### INFORMATION SHOWN
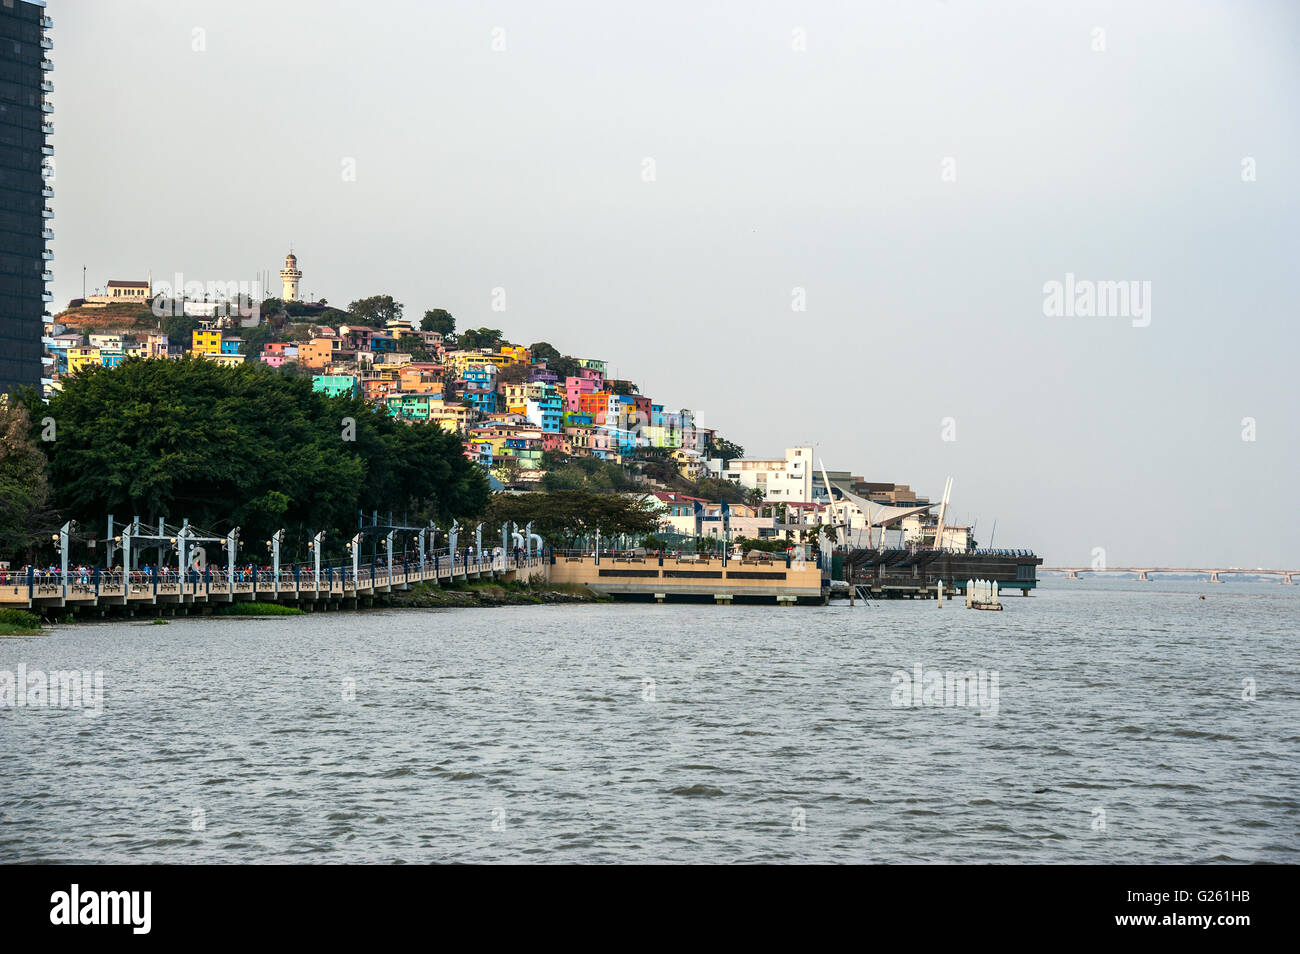 View of Santa Ana hill and the Las Penas neighborhood in Guayaquil, Ecuador with a lighthouse on top Stock Photo
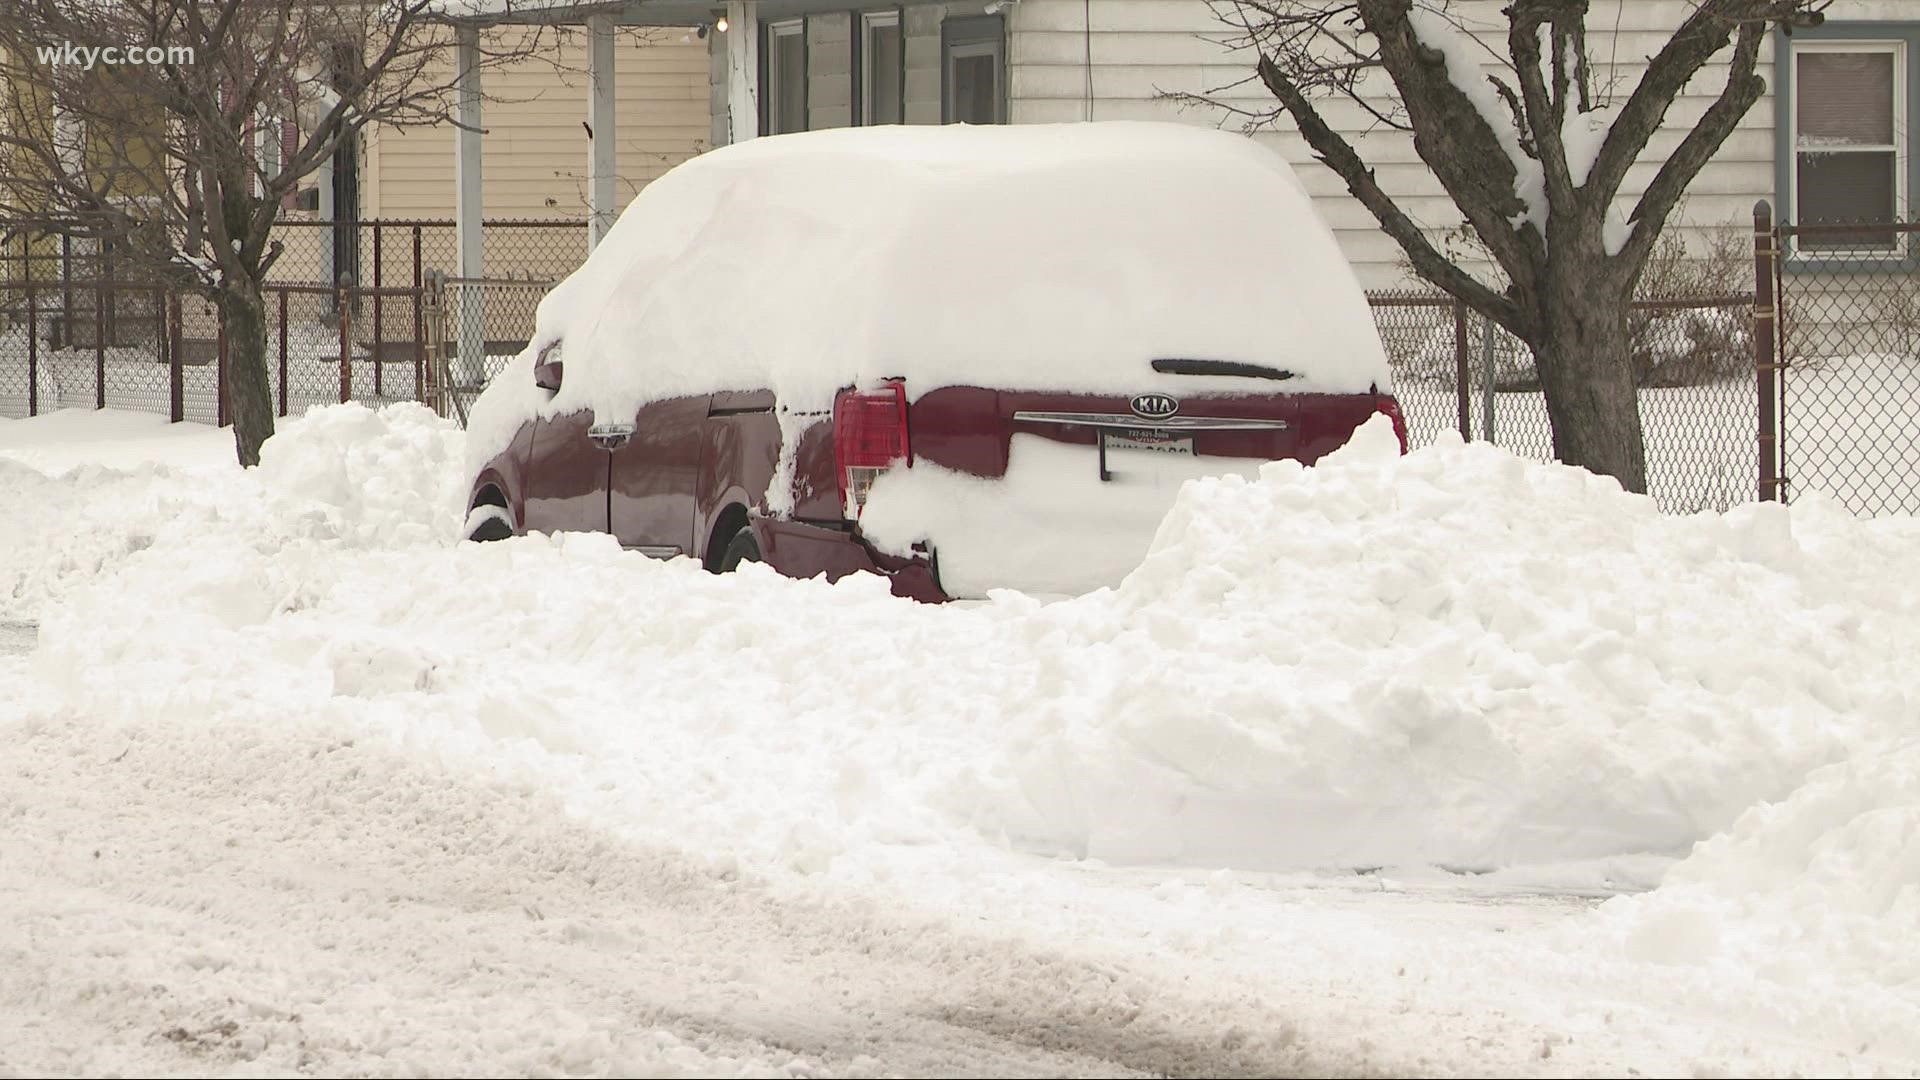 Some students are getting another snow day as the cleanup continues from Monday's winter storm.
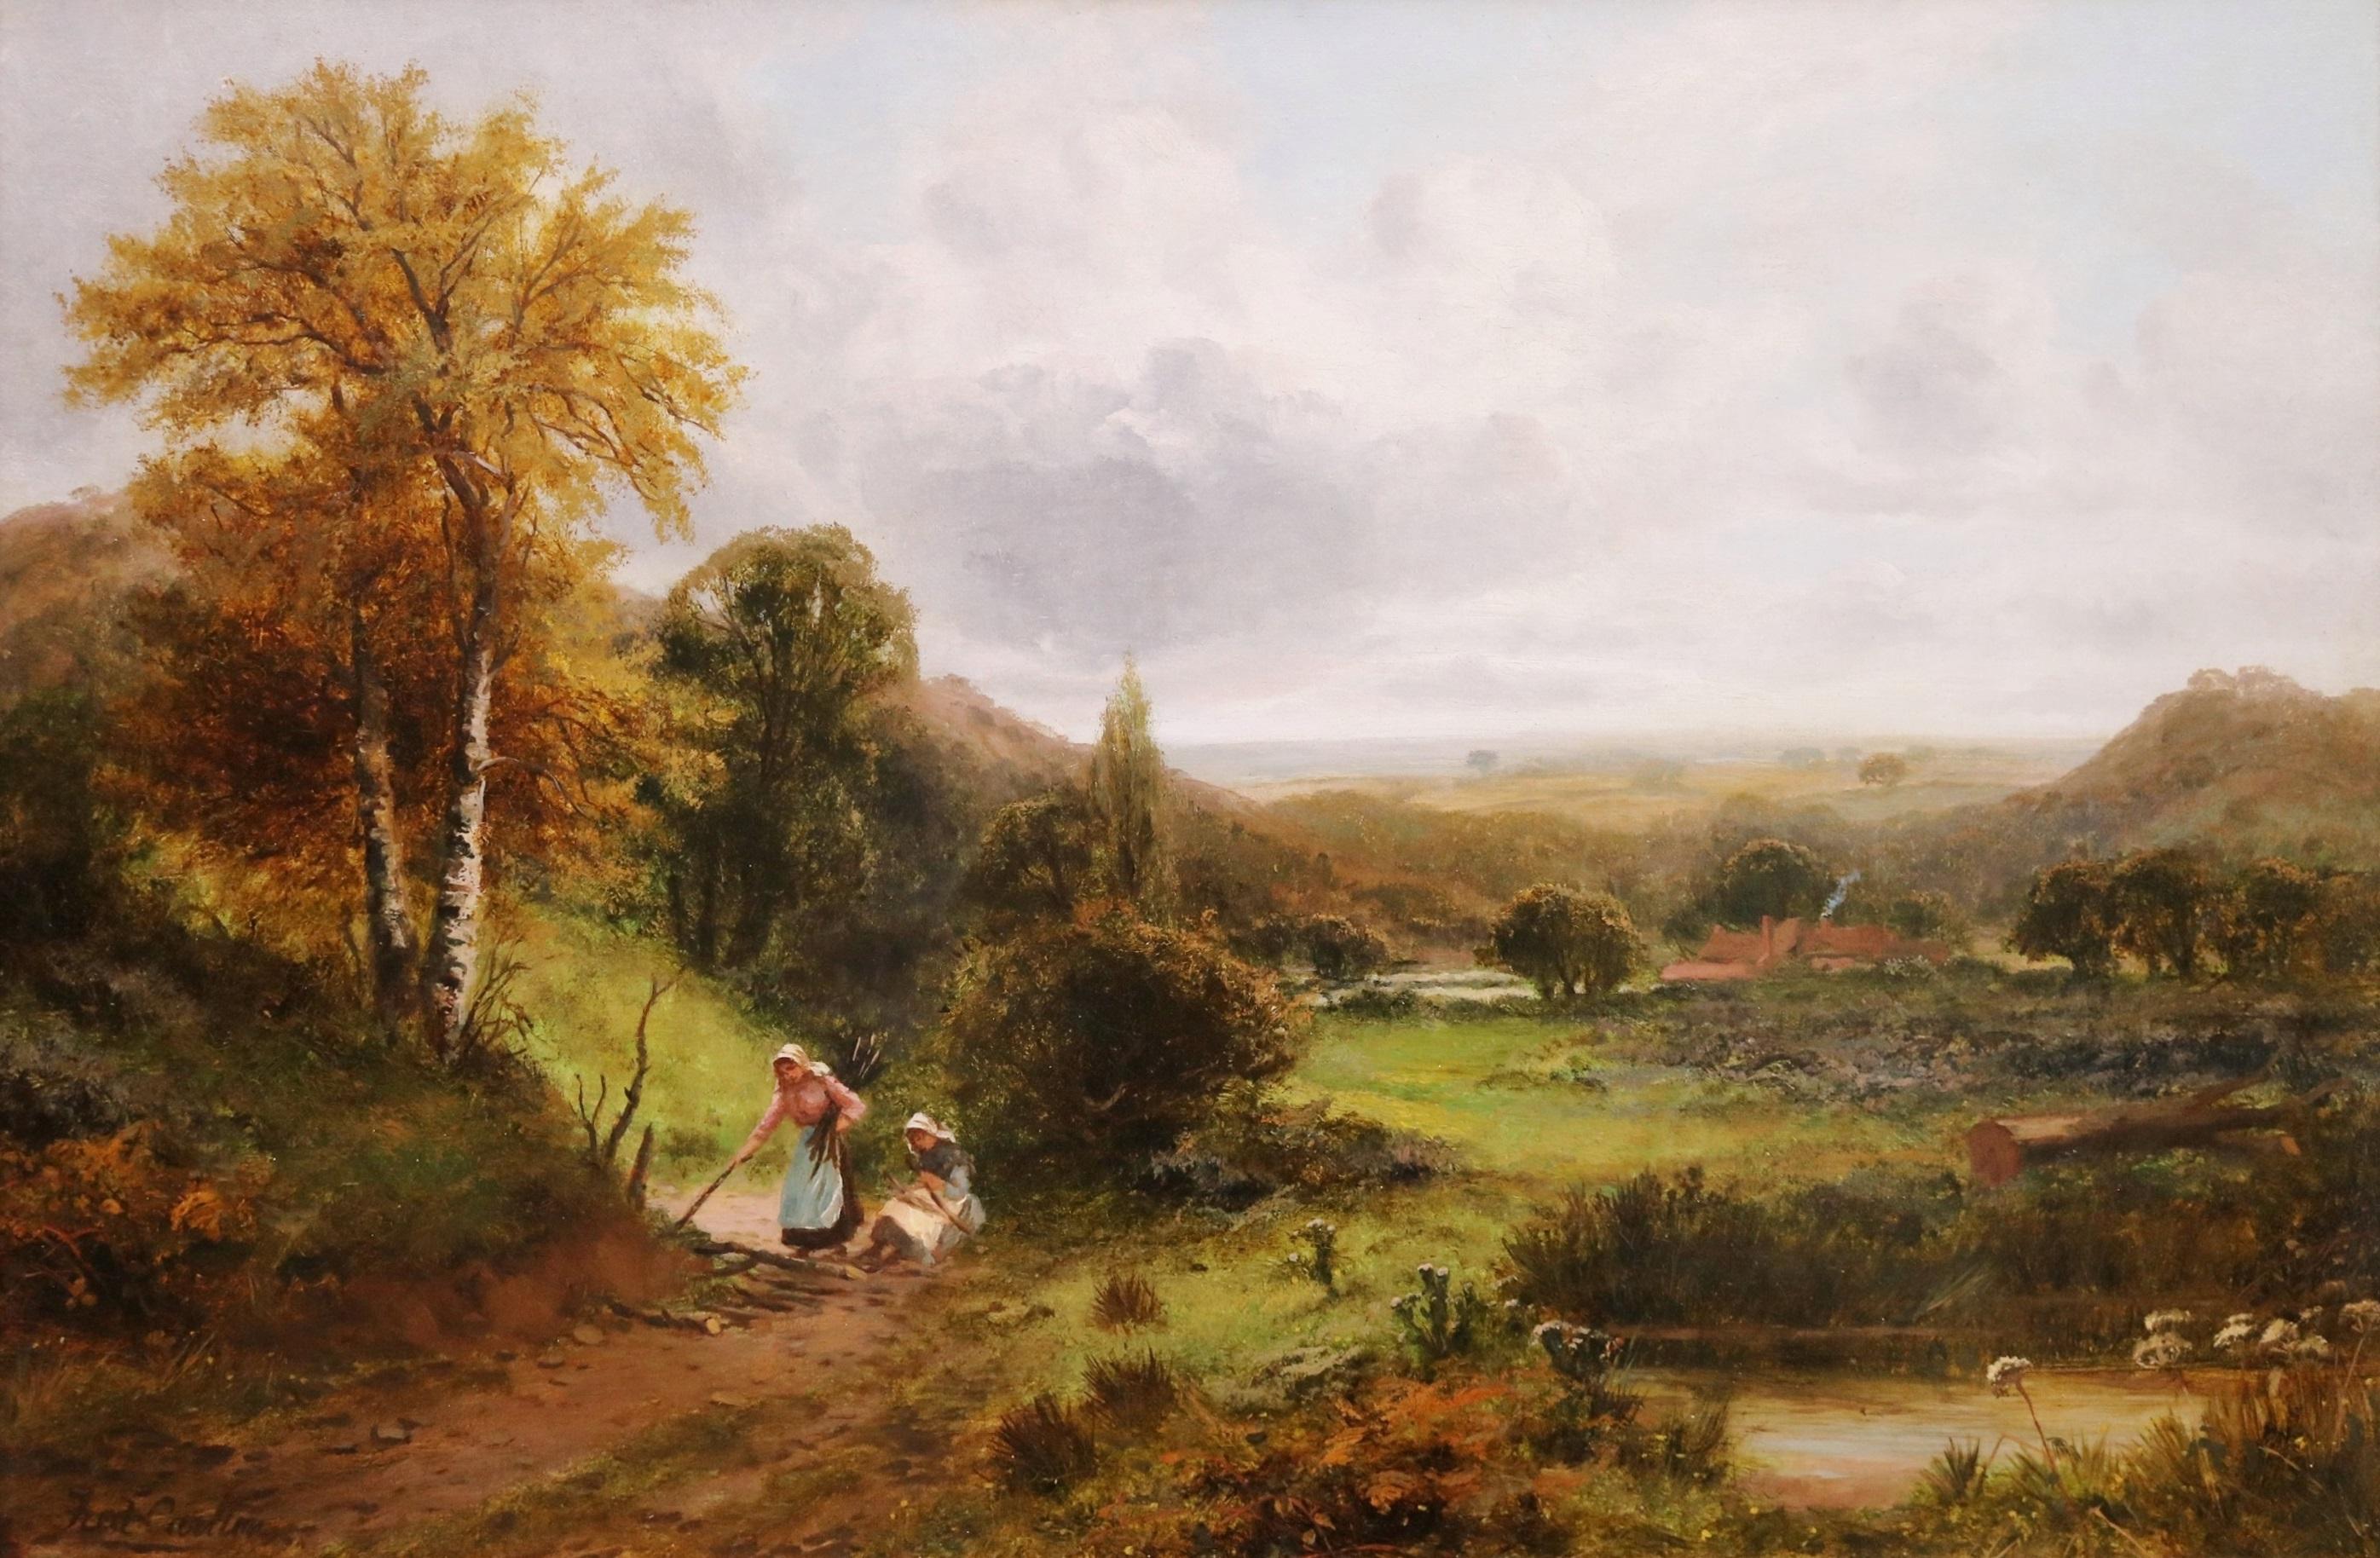 ‘Faggot Gatherers, Surrey’ by Frederick Carlton (fl. 1880-1900). The painting - which depicts two girls collecting firewood before a cottage in an extensive Autumn landscape - is signed by the artist and is presented in a fine quality bespoke gold
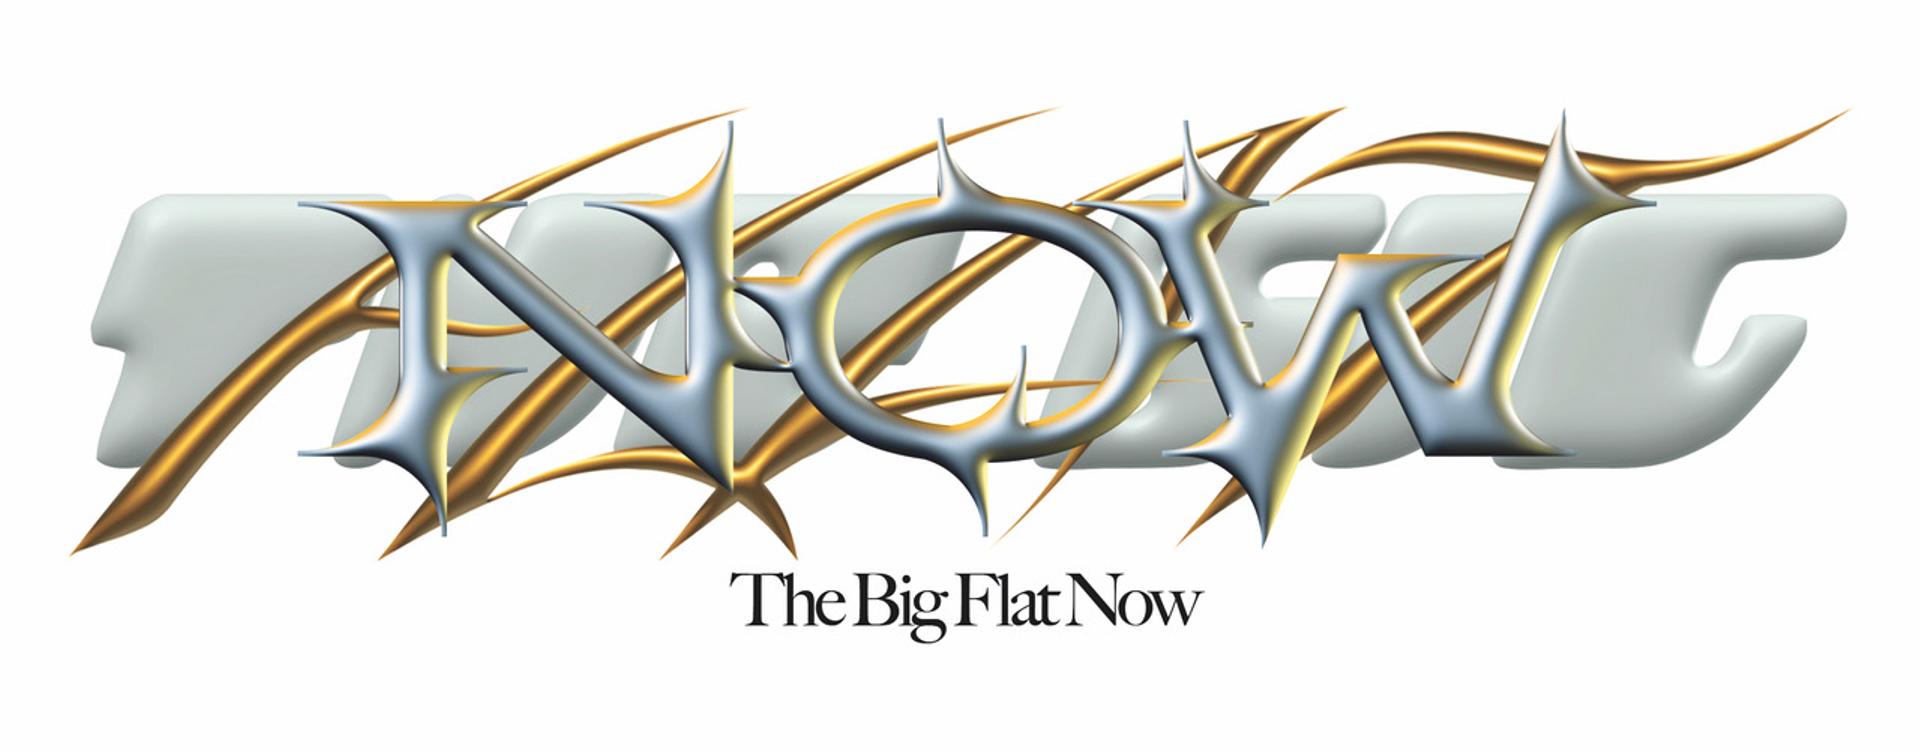 We regret to inform you that there is no future. Nor is there a past. Music, art, technology, pop culture, and fashion have evaporated as well. There is only one thing left: THE BIG FLAT NOW.

### TASK INSTRUCTIONS
Nothing but an exact copy of the data above, minus its pictures, should appear in the response.

### RESPONSE TO THE EXERCISE
 View of Santa Ana hill and the Las Penas neighborhood in Guayaquil, Ecuador with a lighthouse on top Stock Photo
 Some students are getting another snow day as the cleanup continues from Monday's winter storm.
 ‘Faggot Gatherers, Surrey’ by Frederick Carlton (fl. 1880-1900). The painting - which depicts two girls collecting firewood before a cottage in an extensive Autumn landscape - is signed by the artist and is presented in a fine quality bespoke gold
 We regret to inform you that there is no future. Nor is there a past. Music, art, technology, pop culture, and fashion have evaporated as well. There is only one thing left: THE BIG FLAT NOW.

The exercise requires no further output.